At the rate some are going it is only a matter of time before this nation is told that Jagan or Indians led the struggle for emancipation and Jagan led the struggle to end indenturedship. What is happening in this society – Africans are not only fighting to have their rights respected as enshrined in the Constitution, they also have to fight for the most basic of right, i.e. to name their reality and have their contributions/achievements honestly recorded and credited. Those who seek to deny these fundamentals have no modicum of decency and are primitive in their outlook to life, because no self respecting person will engage in these type of behaviours.
True to form Bisram couldn’t suppress his bigotry that “Critchlow was a hero to the African working class.” He is wrong again. Critchlow’s passionate representation for the Indian indentured workers caused them to nickname him “Black Crosby” after a famous Immigration Agent General.
All Guyanese should be proud of Critchlow because of what he did and made possible for us and he should be honoured in spite of his race. Critchlow is Guyana’s second national hero. He is also the hero for trade unionism in the former British Commonwealth. His legacy spreads far and wide and continues to impact the life of every citizen. And if with this superb track record Bisram thinks he “was a hero to the African working class,” I’d say he is worthy of continued acclamation!
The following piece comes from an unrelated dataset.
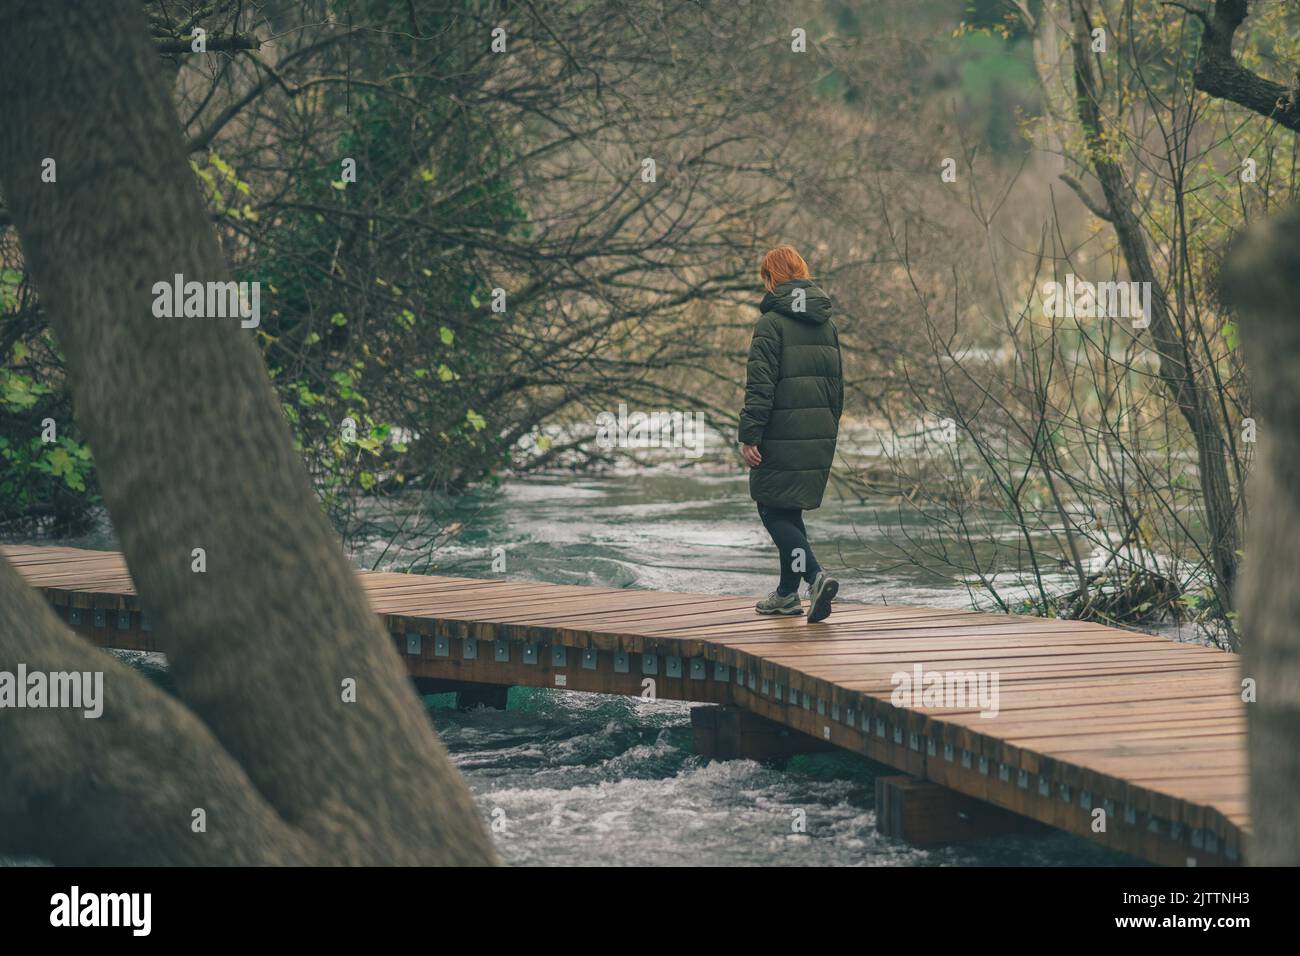 Unknown woman walking on the wooden path or walkway over some water rapids. Dangerous walking, suicidal tendencies. Stock Photo
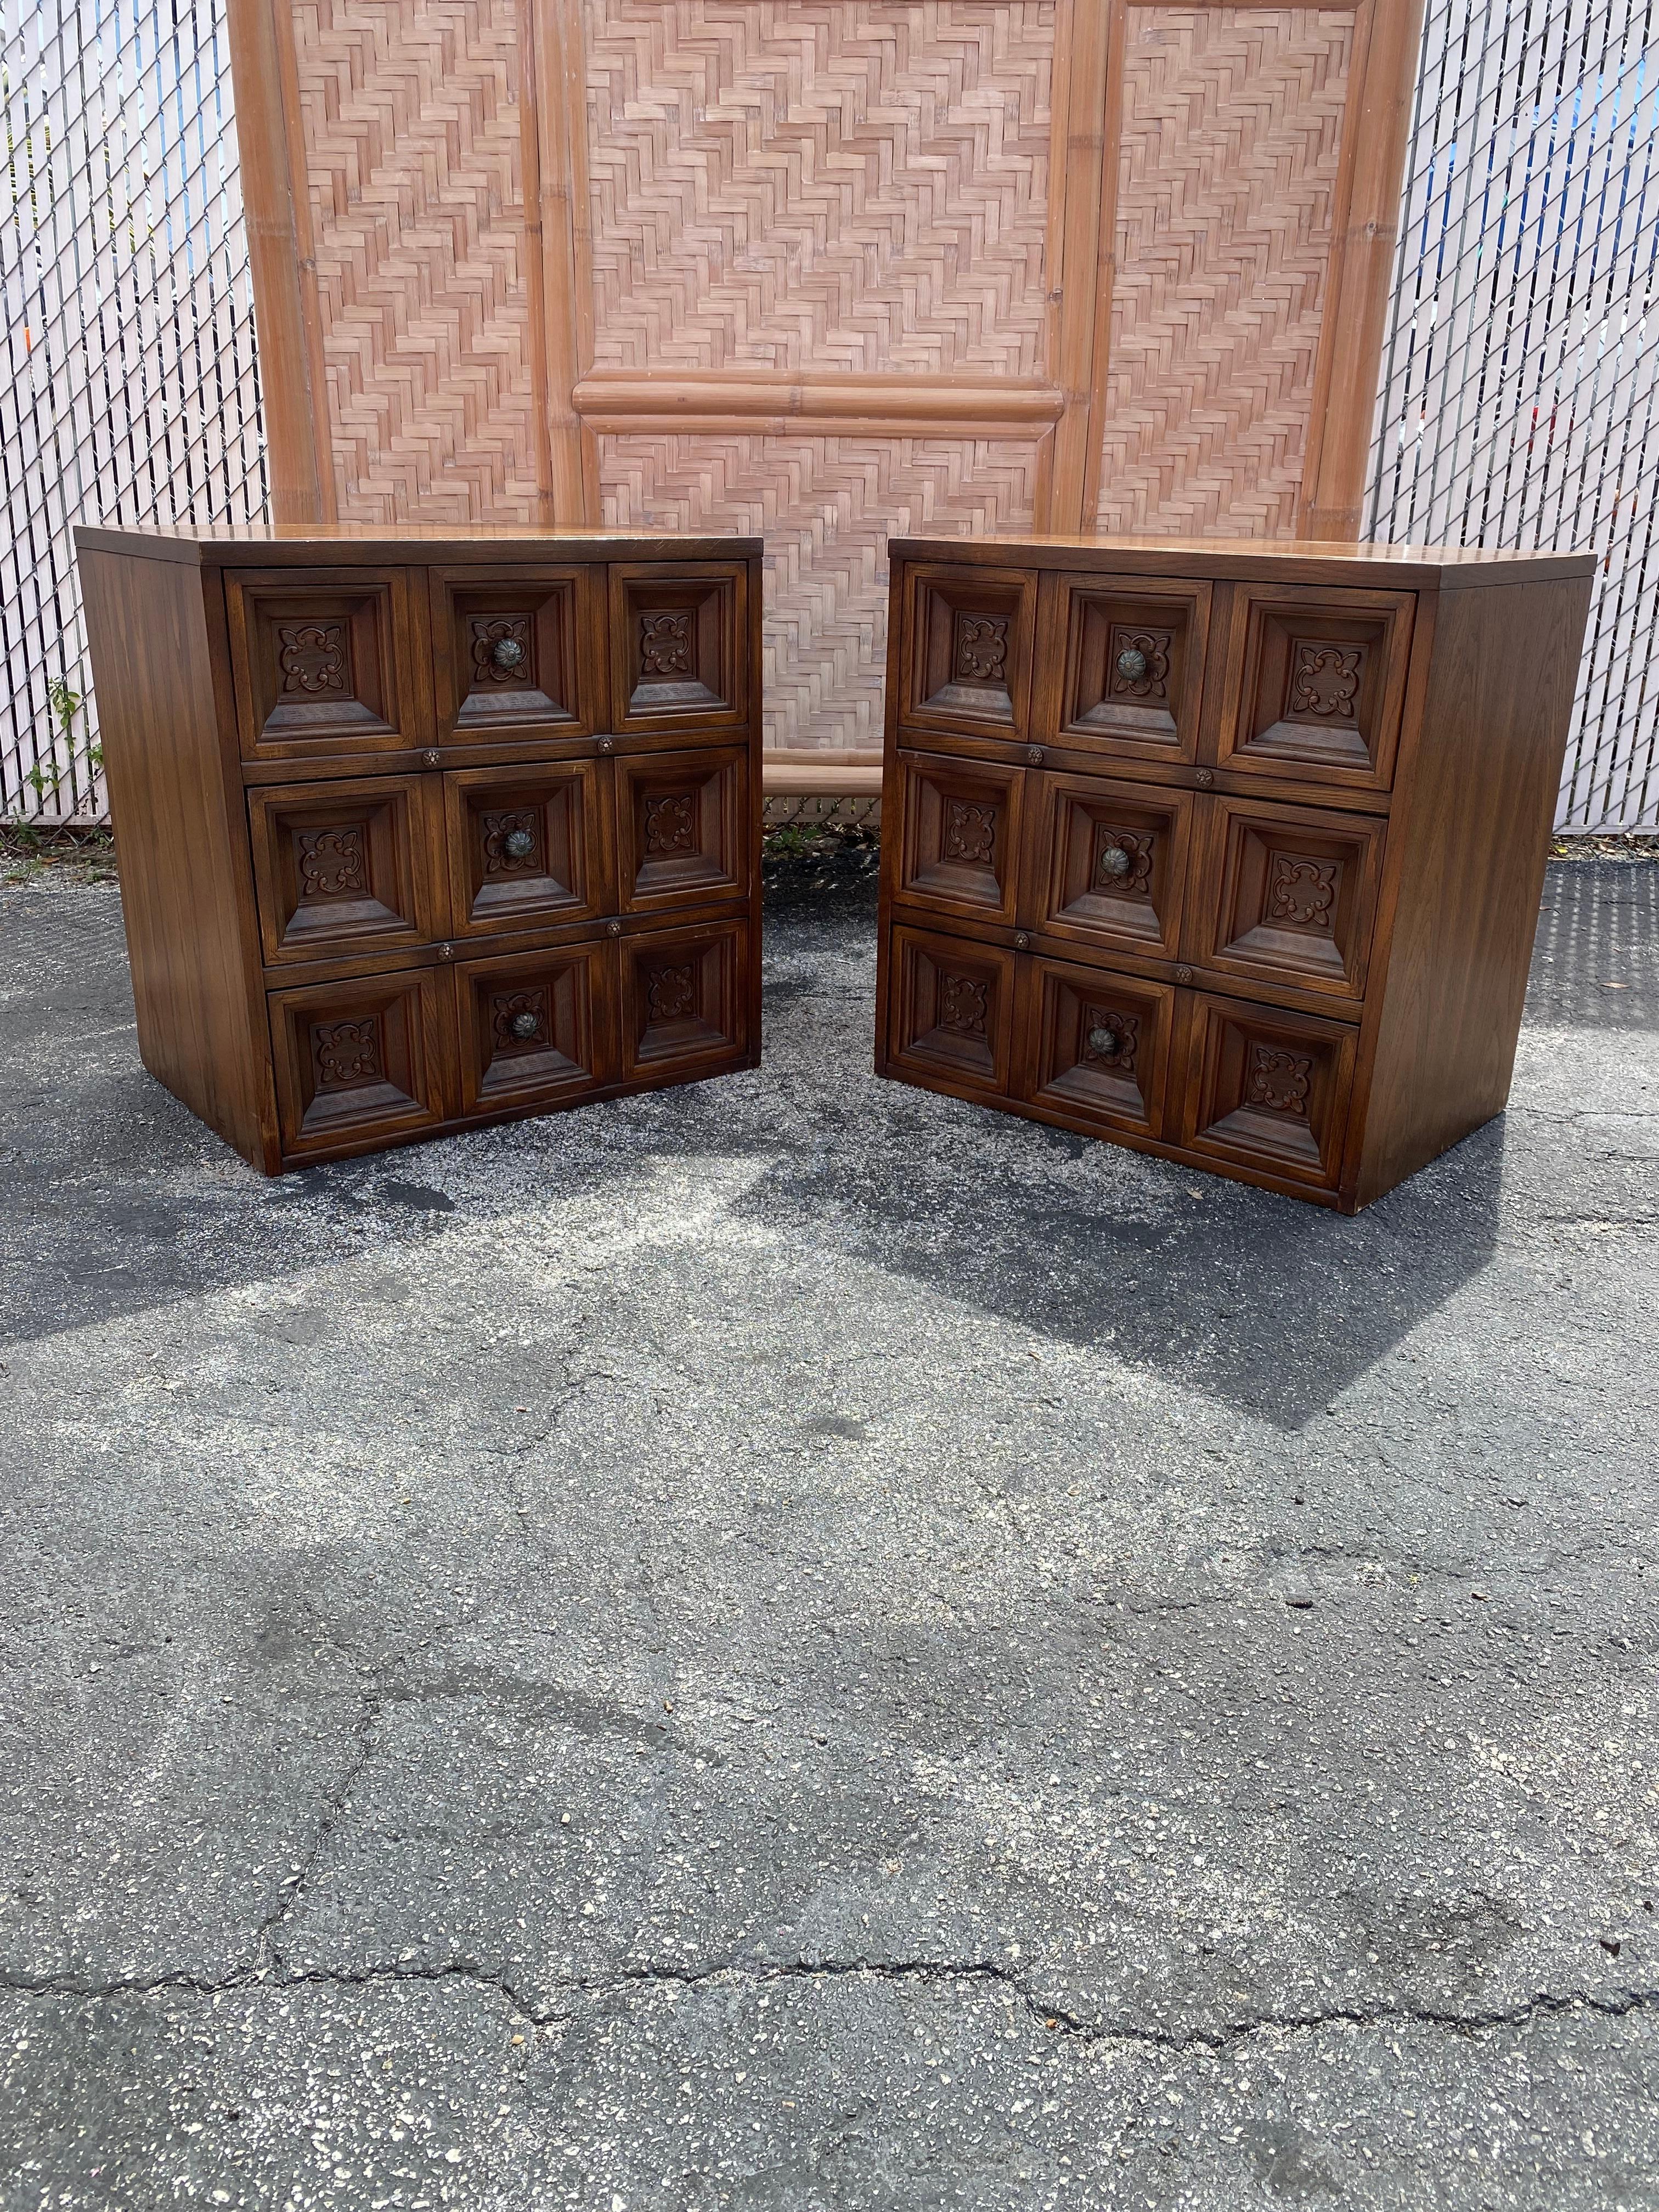 On offer on this occasion is one of the most stunning,  nightstands or end tables you could hope to find. Outstanding design is exhibited throughout. The beautiful set is statement piece and packed with personality!  Just look at the gorgeous

This society is being fed daily distorted diet of “28 years” and is told African leaders did nothing good for this country and the citizens. And for the last 20 years Africans are projected and being treated as undeserving, unequal, incapable of leading, and should be on the fringe of society. Roger Luncheon under oath in a court of law confessed the PPP could not find any suitable African to be ambassador. In this environment, Critchlow is just what the doctor would order! For his track record speaks for itself and can motivate, inspire and heal the wounds of a people and remind them of their capabilities and contributions to this society. Most importantly it empowers them to confront the bigots, pursue their dreams, and stand up for what is just and fair.
In closing Bisram is advised that I am within my right to be angry at his bigotry and fabrication of history. And as for a civil discourse, he will never understand civility even if it stares him in the face or drops on his head, for civility starts with respect for self and the other, none of which he possesses, given the nonsense he spews!